*** Block opens ***

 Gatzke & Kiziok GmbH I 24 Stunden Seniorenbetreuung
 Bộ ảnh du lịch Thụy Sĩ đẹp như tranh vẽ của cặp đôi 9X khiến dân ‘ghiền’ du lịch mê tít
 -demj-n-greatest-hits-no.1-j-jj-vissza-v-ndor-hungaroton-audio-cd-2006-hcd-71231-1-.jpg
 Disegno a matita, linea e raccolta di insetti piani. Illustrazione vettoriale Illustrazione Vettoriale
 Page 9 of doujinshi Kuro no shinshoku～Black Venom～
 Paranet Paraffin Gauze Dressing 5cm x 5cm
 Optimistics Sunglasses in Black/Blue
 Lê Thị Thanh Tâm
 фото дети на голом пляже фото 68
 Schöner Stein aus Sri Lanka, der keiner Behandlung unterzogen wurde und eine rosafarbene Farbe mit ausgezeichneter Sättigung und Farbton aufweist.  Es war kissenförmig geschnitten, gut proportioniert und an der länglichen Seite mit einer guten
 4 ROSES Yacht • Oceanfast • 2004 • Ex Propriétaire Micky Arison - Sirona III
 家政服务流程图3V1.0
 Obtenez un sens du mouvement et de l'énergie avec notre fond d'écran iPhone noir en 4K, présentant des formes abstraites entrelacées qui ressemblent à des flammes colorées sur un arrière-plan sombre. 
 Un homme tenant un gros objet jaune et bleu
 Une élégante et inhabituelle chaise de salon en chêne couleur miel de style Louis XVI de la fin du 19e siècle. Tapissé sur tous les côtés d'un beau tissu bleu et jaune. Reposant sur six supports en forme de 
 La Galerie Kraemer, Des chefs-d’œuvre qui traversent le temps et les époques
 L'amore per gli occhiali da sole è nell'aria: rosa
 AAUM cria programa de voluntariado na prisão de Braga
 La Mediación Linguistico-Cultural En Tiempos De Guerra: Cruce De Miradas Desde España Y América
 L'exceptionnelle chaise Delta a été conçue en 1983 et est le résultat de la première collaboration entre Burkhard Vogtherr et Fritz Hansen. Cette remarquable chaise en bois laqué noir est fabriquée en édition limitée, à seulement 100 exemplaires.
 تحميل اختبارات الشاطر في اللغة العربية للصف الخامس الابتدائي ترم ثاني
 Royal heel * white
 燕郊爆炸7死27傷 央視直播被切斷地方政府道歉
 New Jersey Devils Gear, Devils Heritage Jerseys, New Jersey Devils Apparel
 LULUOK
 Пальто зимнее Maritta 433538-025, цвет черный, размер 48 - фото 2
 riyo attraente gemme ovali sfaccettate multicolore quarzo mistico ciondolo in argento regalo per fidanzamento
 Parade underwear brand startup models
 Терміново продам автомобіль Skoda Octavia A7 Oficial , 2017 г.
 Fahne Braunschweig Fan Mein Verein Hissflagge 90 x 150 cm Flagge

*** Block closes ***

• Your goal: Give the lines of the material above again, exactly, from its first line through the line that contains "L'exceptionnelle chaise Delta" and no further.

• Output of the exercise:
 Gatzke & Kiziok GmbH I 24 Stunden Seniorenbetreuung
 Bộ ảnh du lịch Thụy Sĩ đẹp như tranh vẽ của cặp đôi 9X khiến dân ‘ghiền’ du lịch mê tít
 -demj-n-greatest-hits-no.1-j-jj-vissza-v-ndor-hungaroton-audio-cd-2006-hcd-71231-1-.jpg
 Disegno a matita, linea e raccolta di insetti piani. Illustrazione vettoriale Illustrazione Vettoriale
 Page 9 of doujinshi Kuro no shinshoku～Black Venom～
 Paranet Paraffin Gauze Dressing 5cm x 5cm
 Optimistics Sunglasses in Black/Blue
 Lê Thị Thanh Tâm
 фото дети на голом пляже фото 68
 Schöner Stein aus Sri Lanka, der keiner Behandlung unterzogen wurde und eine rosafarbene Farbe mit ausgezeichneter Sättigung und Farbton aufweist.  Es war kissenförmig geschnitten, gut proportioniert und an der länglichen Seite mit einer guten
 4 ROSES Yacht • Oceanfast • 2004 • Ex Propriétaire Micky Arison - Sirona III
 家政服务流程图3V1.0
 Obtenez un sens du mouvement et de l'énergie avec notre fond d'écran iPhone noir en 4K, présentant des formes abstraites entrelacées qui ressemblent à des flammes colorées sur un arrière-plan sombre. 
 Un homme tenant un gros objet jaune et bleu
 Une élégante et inhabituelle chaise de salon en chêne couleur miel de style Louis XVI de la fin du 19e siècle. Tapissé sur tous les côtés d'un beau tissu bleu et jaune. Reposant sur six supports en forme de 
 La Galerie Kraemer, Des chefs-d’œuvre qui traversent le temps et les époques
 L'amore per gli occhiali da sole è nell'aria: rosa
 AAUM cria programa de voluntariado na prisão de Braga
 La Mediación Linguistico-Cultural En Tiempos De Guerra: Cruce De Miradas Desde España Y América
 L'exceptionnelle chaise Delta a été conçue en 1983 et est le résultat de la première collaboration entre Burkhard Vogtherr et Fritz Hansen. Cette remarquable chaise en bois laqué noir est fabriquée en édition limitée, à seulement 100 exemplaires.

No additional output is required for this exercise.